It's time to explore our universe's most mysterious inhabitants Black Holes At the heart of the Milky Way lies a supermassive black hole 4 million times more massive than our Sun.
A place where space and time are so warped that light is trapped if it ventures within 12 million km. According to Einstein, inside lies the end of time. According to 21st-century physics, the reality may be far more bizarre.
Black holes lie where the most massive stars used to shine and at the edge of our current understanding. They are naturally occurring objects, the inevitable creations of gravity when too much matter collapses into not enough space. And yet, although the laws of nature predict them, they fail fully to describe them.

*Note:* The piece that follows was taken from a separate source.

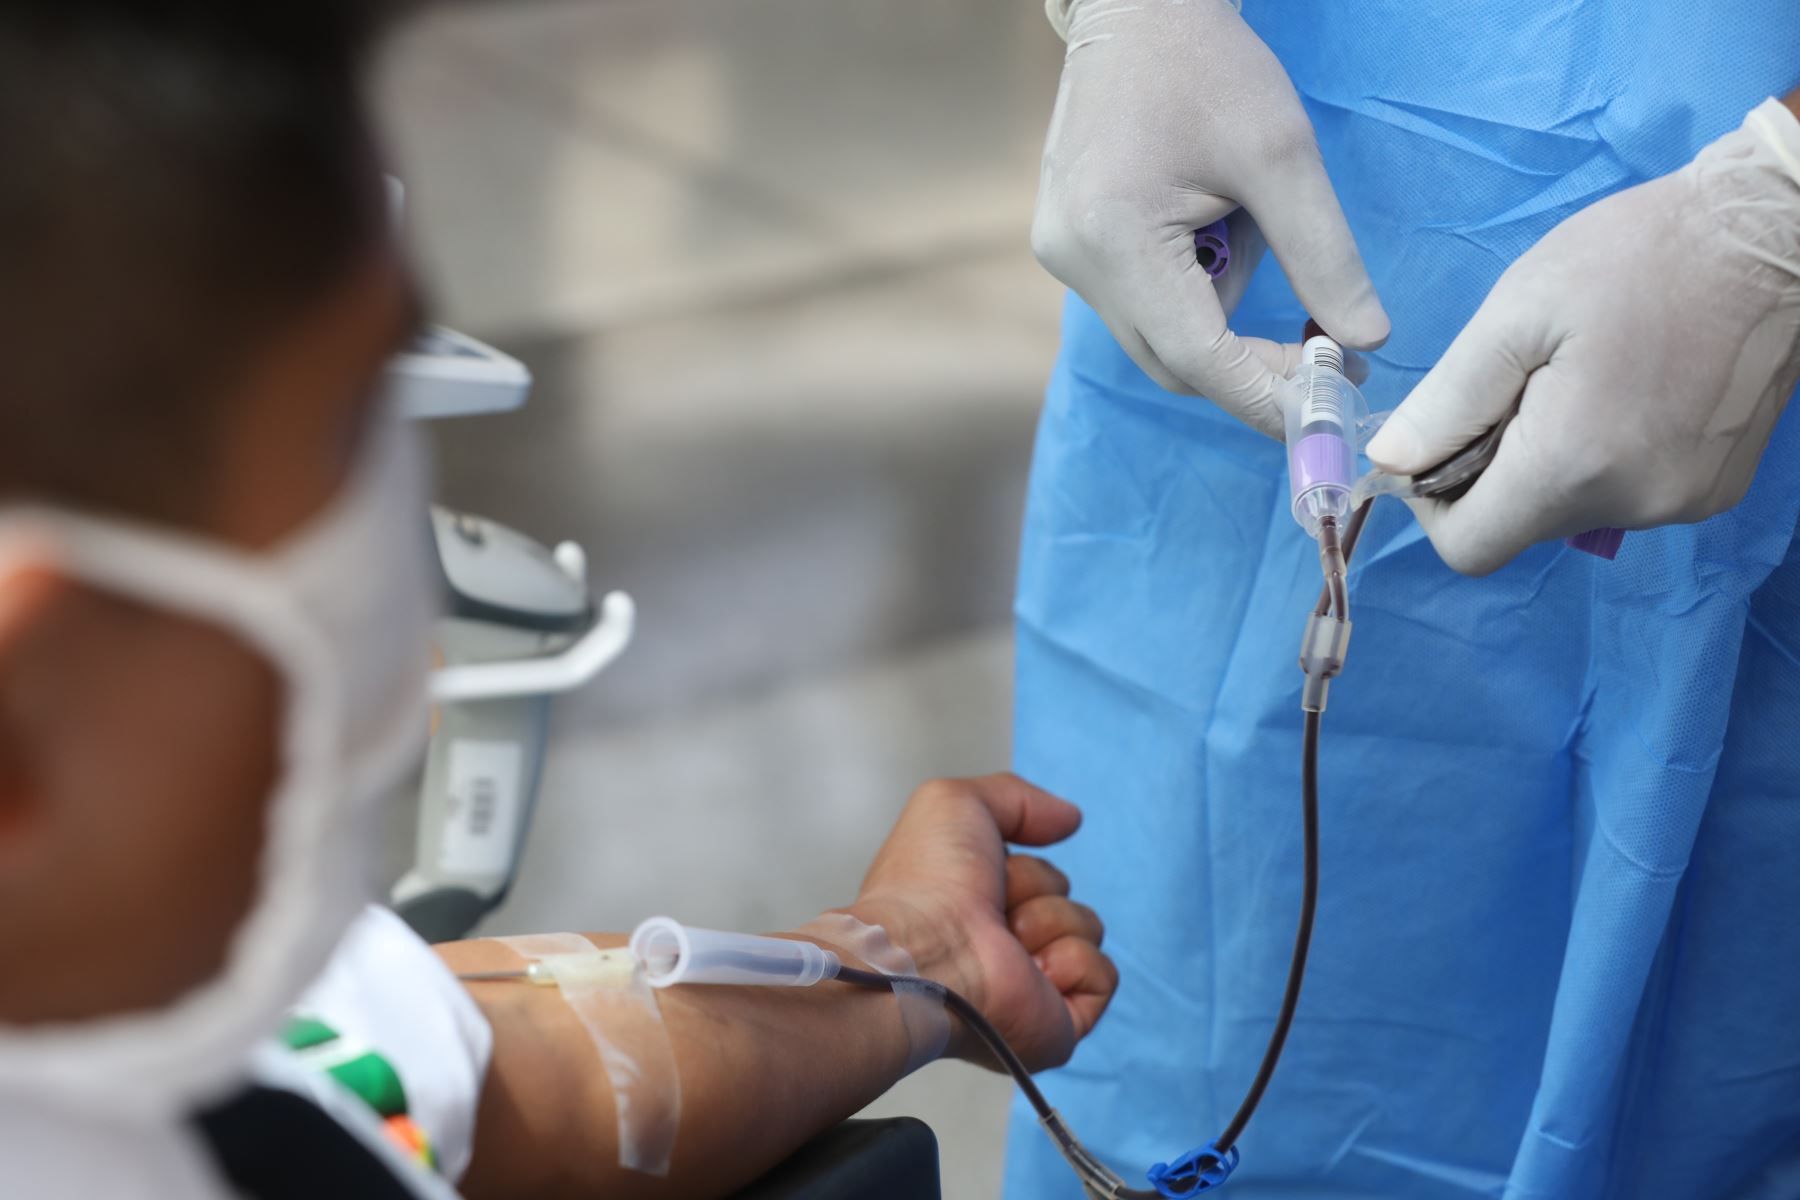 Equipo médico se trasladó a Base Aérea Las Palmas para recolectar más de 70 unidades en beneficio de pacientes en situación crítica que requieren transfusiones sanguíneas.
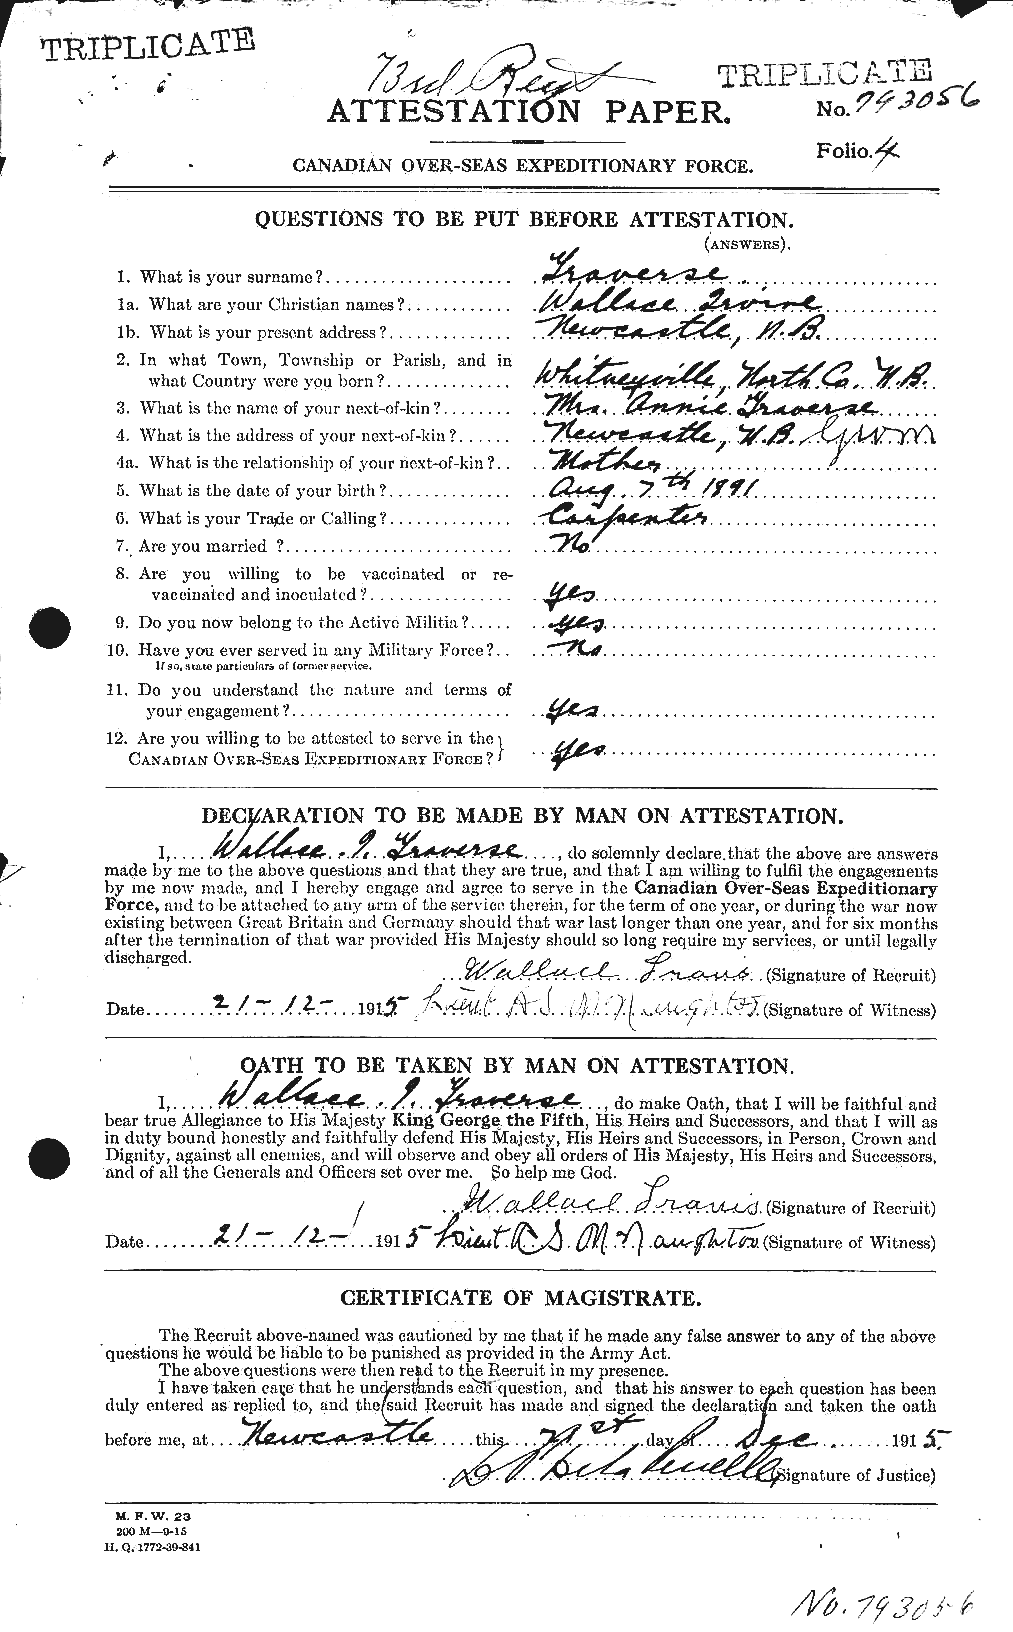 Dossiers du Personnel de la Première Guerre mondiale - CEC 638743a

Black holes are places in space and time where the laws of gravity, quantum physics and thermodynamics collide. Originally thought to be so intellectually troubling that they simply could not exist, it is only in the past few years that we have begun to glimpse a new synthesis; a deep connection between gravity and quantum information theory that describes a holographic universe in which space and time emerge from a network of quantum bits, and wormholes span the void.
In this groundbreaking book, Professor Brian Cox and Professor Jeff Forshaw take you to the edge of our understanding of black holes; a scientific journey to the research frontier spanning a century of physics, from Einstein to Hawking and beyond, that ends with the startling conclusion that our world may operate like a giant quantum computer.